The Pittsburgh Steelers’ 2020 season is now in the books, and it ended in spectacular fashion—though the wrong kind of spectacular—in a dismal postseason defeat at the hands of the Cleveland Browns, sending them into an early offseason mode after going 12-4 in the regular season and winning the AFC North for the first time in three years.

After setting a franchise record by opening the year on an 11-game winning streak, they followed that up by losing three games in a row, going 1-4 in the final five games, with only a 17-point comeback staving off a five-game slide. But all the issues they had in the regular season showed up in the postseason that resulted in their early exit.

The only thing facing them now as they head into 2021 is more questions, and right now, they lack answers.

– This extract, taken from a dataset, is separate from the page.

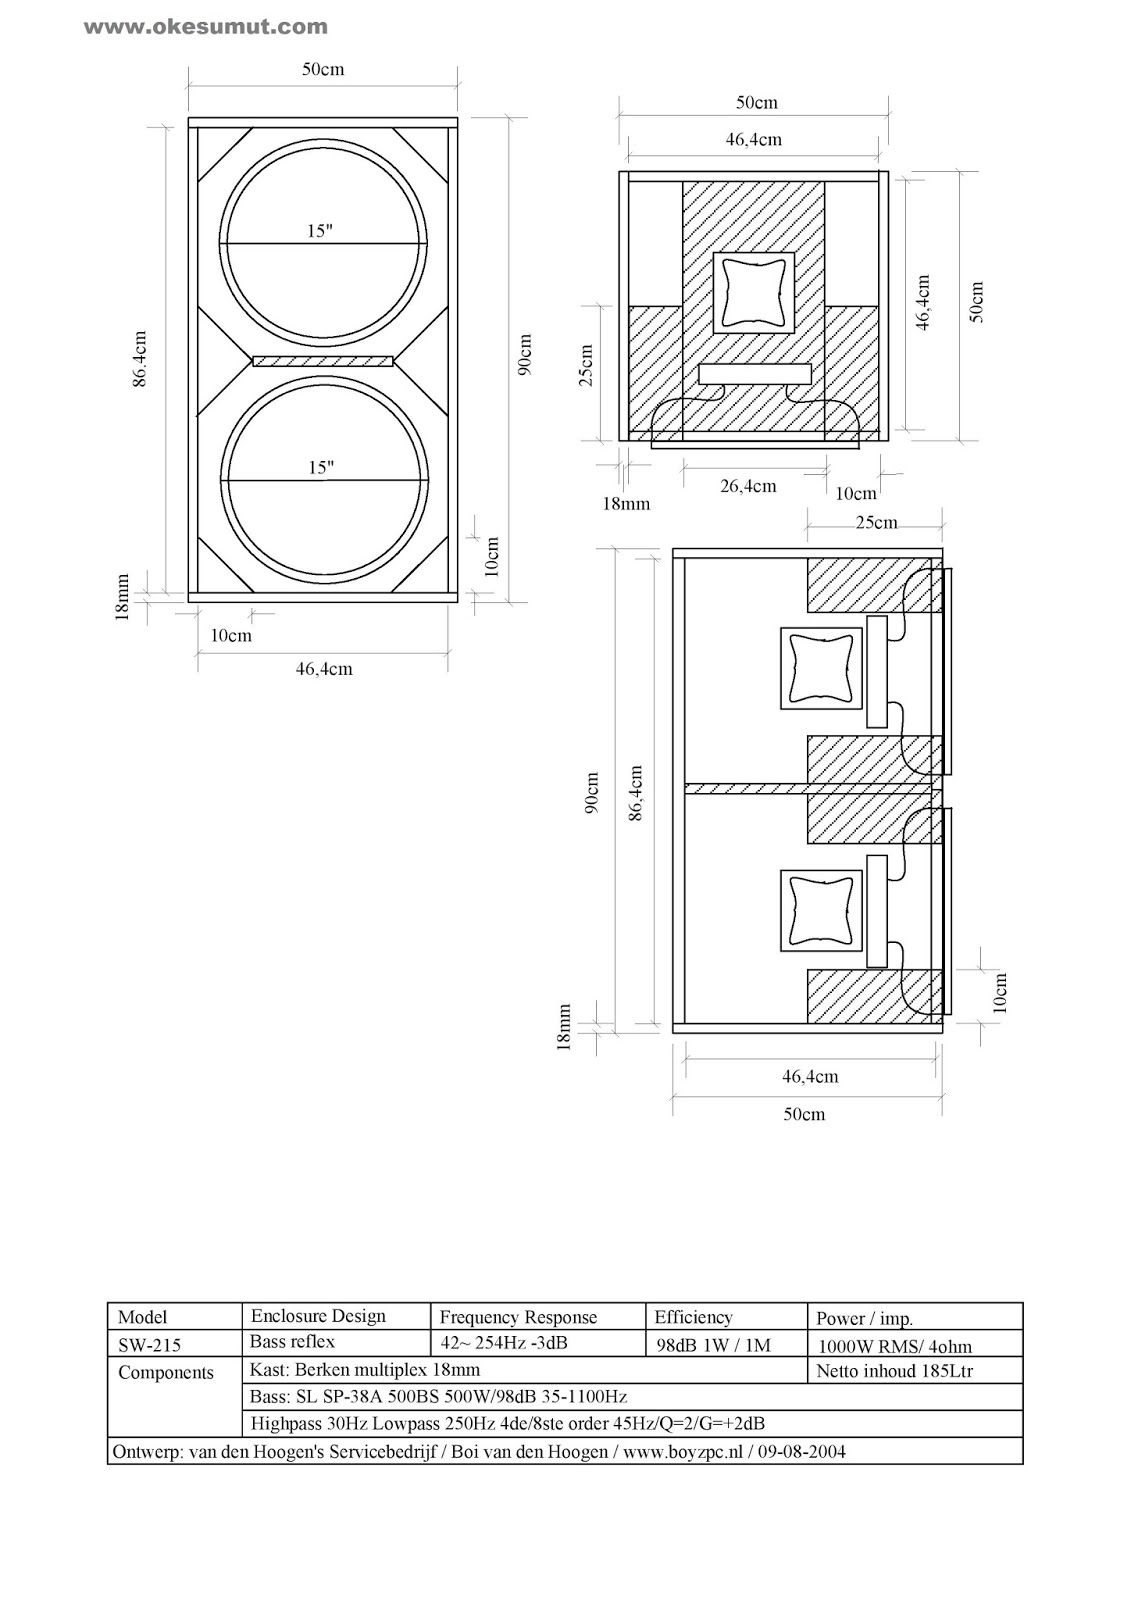 medium resolution of box speaker 15x2 bass selamat datang sebelumnya di oeksumut disini diagram chart box speaker

What will Ben Roethlisberger do, and what will they do with him? What will the salary cap look like? How many free agents are they going to lose? Who could they possibly afford to retain? Who might they part ways with—not just on the roster, but also on the coaching staff?

These are the sorts of questions among many others that we have been exploring on a daily basis and will continue to do so. Football has become a year-round pastime and there is always a question to be asked, though there is rarely a concrete answer, as I’ve learned in my years of doing this.

Question: How much would J.J. Watt have to be willing to leave on the table in order to play with his brothers in Pittsburgh?

With the news yesterday that J.J. Watt and the Houston Texans mutually parted ways, obviously Steelers fans are abuzz, the seemingly unimaginable scenario of reuniting him with his two younger siblings—fullback Derek Watt and outside linebacker T.J. Watt—now a step further from unreality.

Even though it is rather unlikely to happen, that’s not going to stop Steelers fans—or us—from talking about it in the hypothetical. And a major part of that hypothetical involves J.J.’s willingness to take a substantial cut in pay in order to play with his brothers.

Because that is what would have to happen in order for him to join the Steelers. Lest we forget, they already have Cameron Heyward and Stephon Tuitt, and neither of them are moving to outside linebacker. Watt is still a prime player in 2021, among the best at his position.

Perhaps he would be willing to take less to make this dream happen. But how much less? And what defensive role would he be willing to accept—or what accommodations would the Steelers have to make in order to bring him in? It’s not like they’re going to trade or release Heyward or Tuitt.

So barring something rather unforeseen, the question remains hypothetical: how much money would J.J. Watt have to be willing to leave on the table in order to join his brothers in Pittsburgh?